A clean, fast, and dependency-free Python client for football analytics data from Understat.
Understat provides a simple, object-oriented interface to access detailed football statistics, including Expected Goals (xG), match results, and individual player performance. It processes the data into clean, ready-to-use Pandas DataFrames, making it perfect for data analysis, visualizations, and modeling.

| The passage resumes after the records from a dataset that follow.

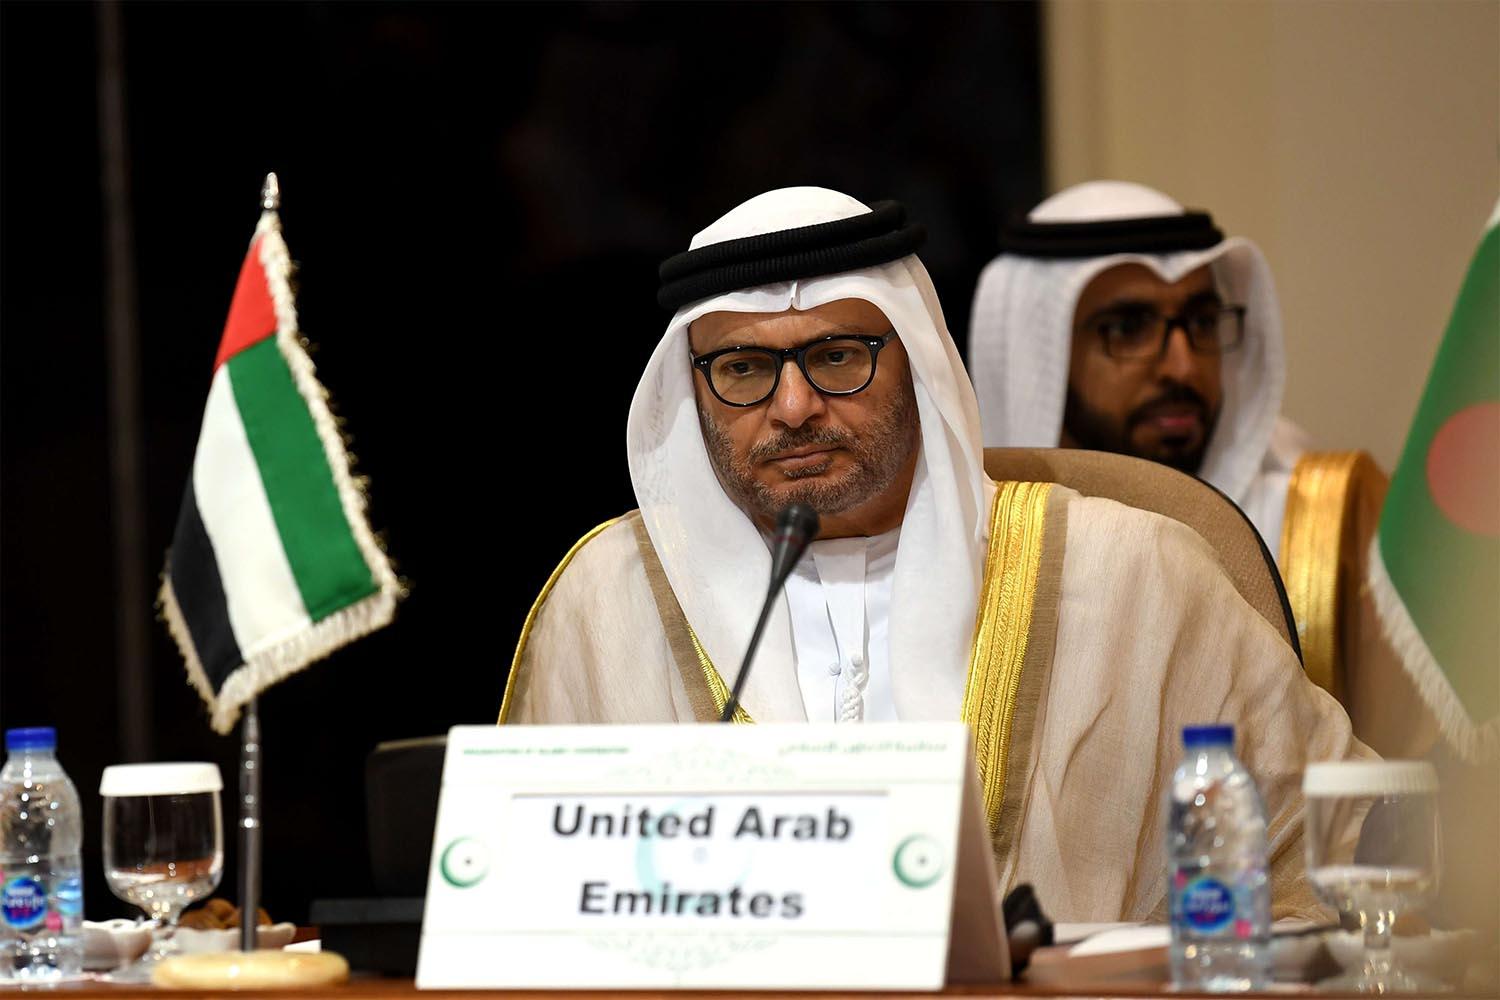 UAE calls for 'wisdom' amid fears of escalation
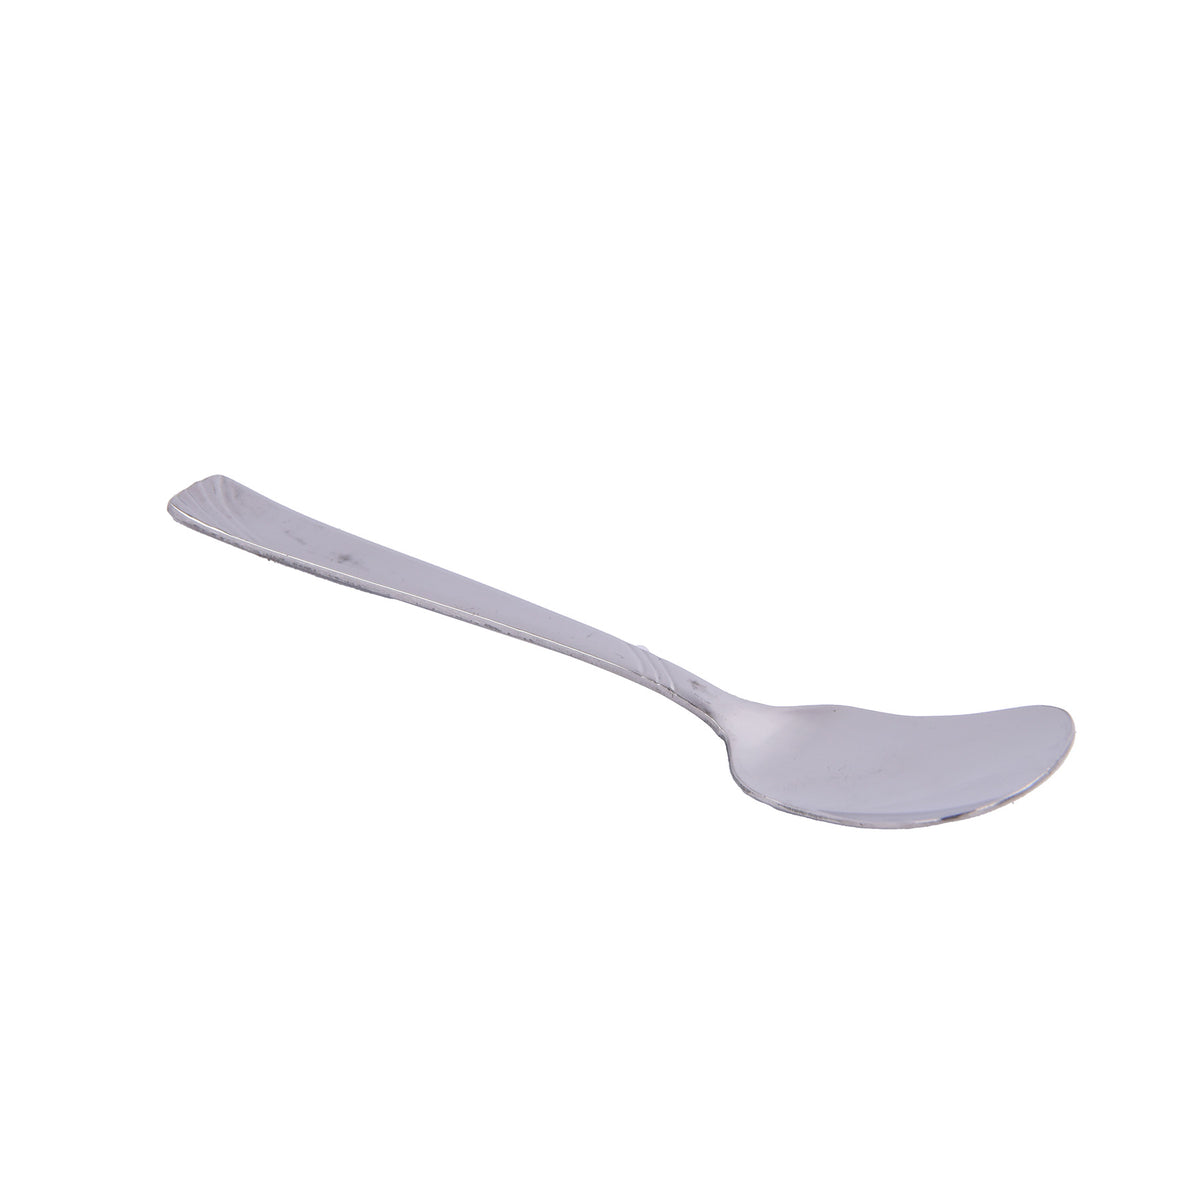 Ice cream spoon set
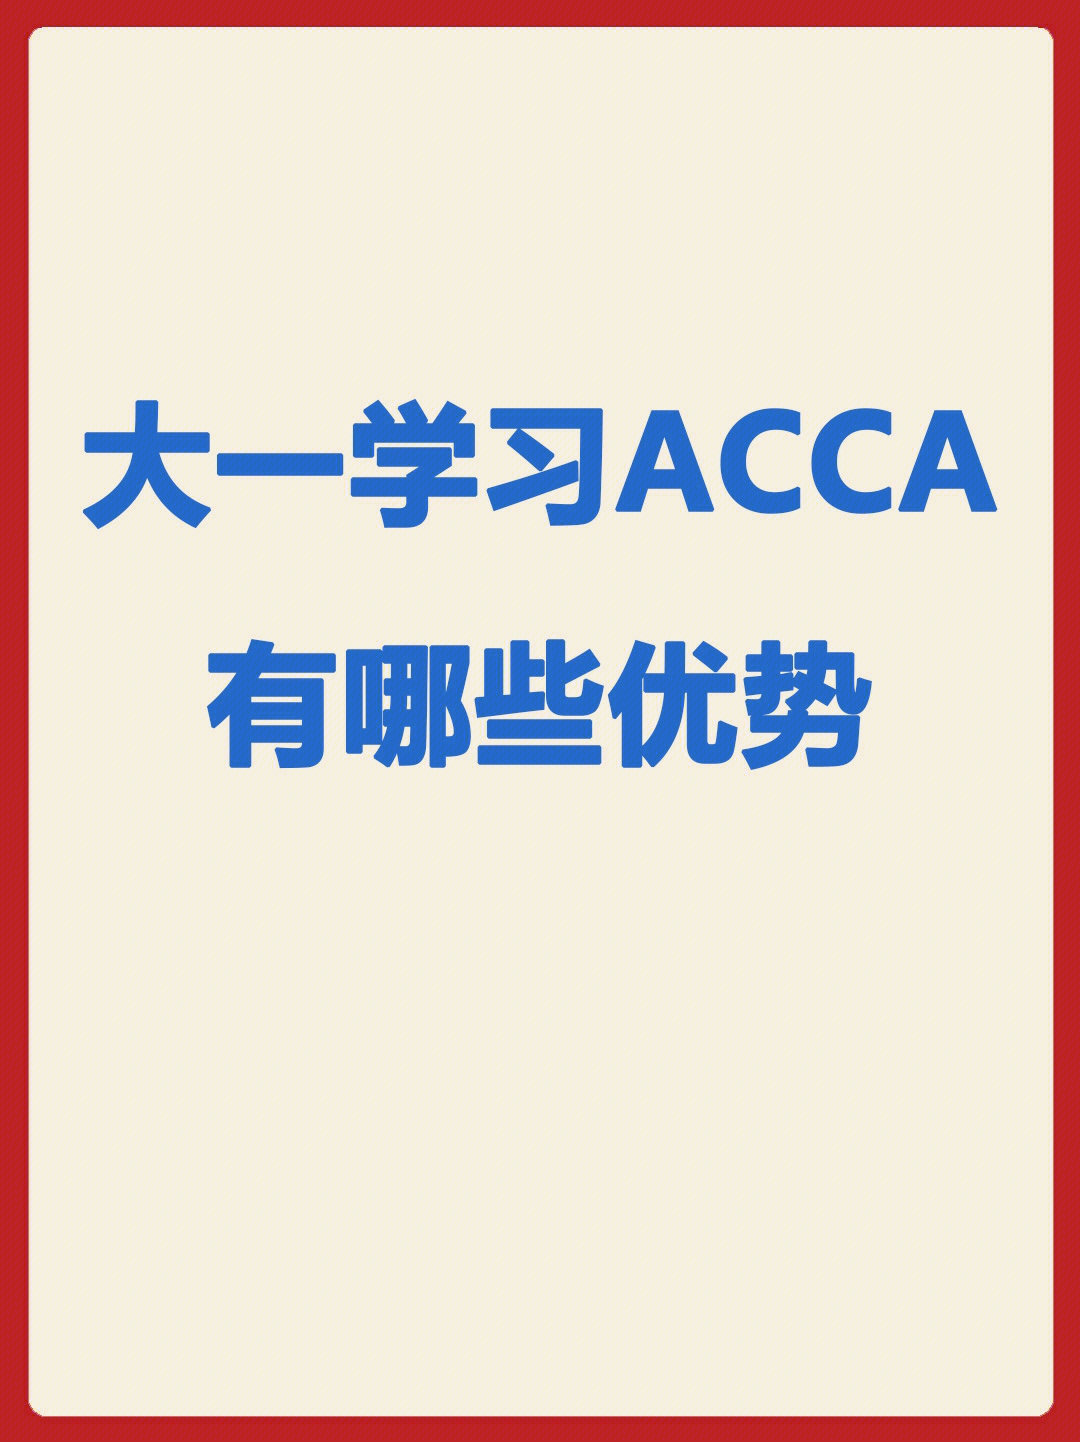 了解了acca证书,是否要报名参加考试?
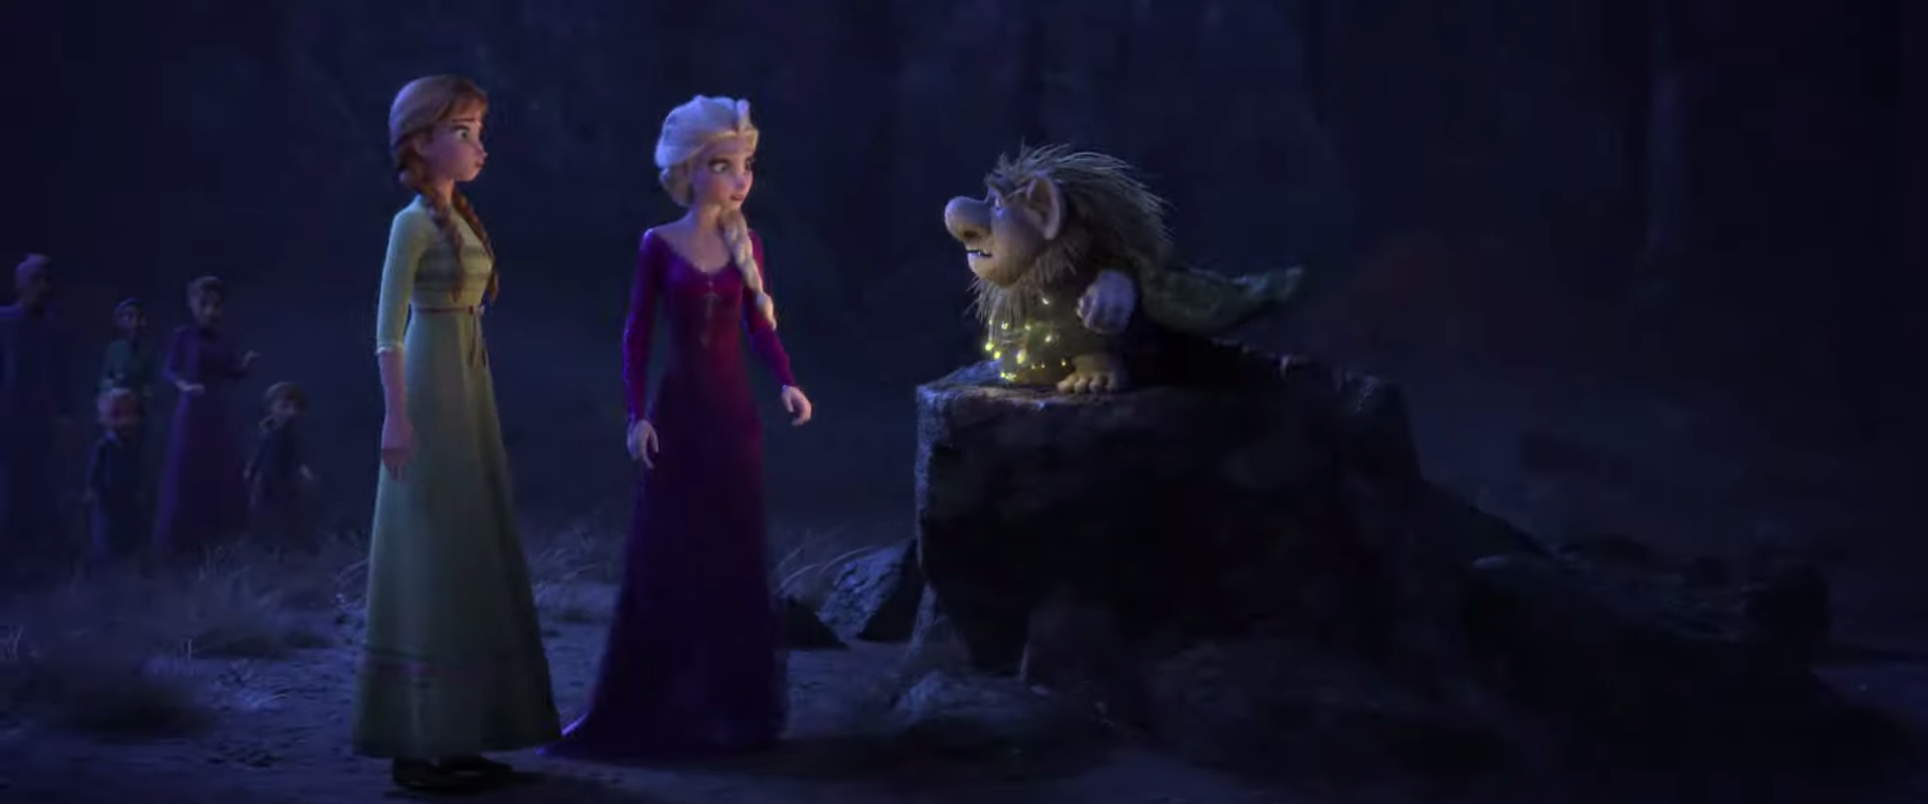 Frozen 2 tung trailer hoành tráng chẳng khác nào phim siêu anh hùng - Ảnh 3.

There are available 6 european leagues: Premier League, La Liga, Bundesliga, Serie A, Ligue 1 and Russian Premier League from season 2014/2015.
- League-Level Data: Get full season standings, match schedules, and player stats for major leagues.
- Team-Specific Analysis: Access a team's complete match history and seasonal roster.
- Detailed Player Statistics: Retrieve game-by-game logs and individual shot data for any player.
- Granular Match Data: Pull shot maps, lineups, and key events from a single match.
- Pandas Integration: All data is delivered in structured and intuitive Pandas DataFrames.
- Lightweight: No browser or external driver dependencies required.
This package is in development yet, then can change.
To install the package:
pip install underdataor:
git clone git@github.com:osvaldomx/UnderData.git
cd understat
python setup.py installThe library is designed to be intuitive. Here are a few examples to get you started.
| Object | url |
|---|---|
| underdata.league() | https://www.understat.com/league/<league_name>/<year> |
| underdata.team() | https://www.understat.com/team/<team_name>/<year> |
| underdata.player() | https://www.understat.com/player/<player_id> |
| underdata.match() | https://www.understat.com/player/<match_id> |
Analyze an entire league's performance. The get_teams() method can provide a basic or advanced statistical table.
from underdata.league import League
# Initialize the league for a specific season
la_liga = League(league_name="La_liga", season=2023)
# Get the advanced standings table
teams_df = la_liga.get_teams(advanced=True)
print("La Liga 2023/2024 Final Standings (Advanced Stats)")
print(teams_df.head())Drill down into a single team's performance over a season.
from underdata.team import Team
# Initialize a specific team
real_madrid = Team(team_name="Real Madrid", season=2023)
# Get the team's complete match history
match_history_df = real_madrid.get_match_history()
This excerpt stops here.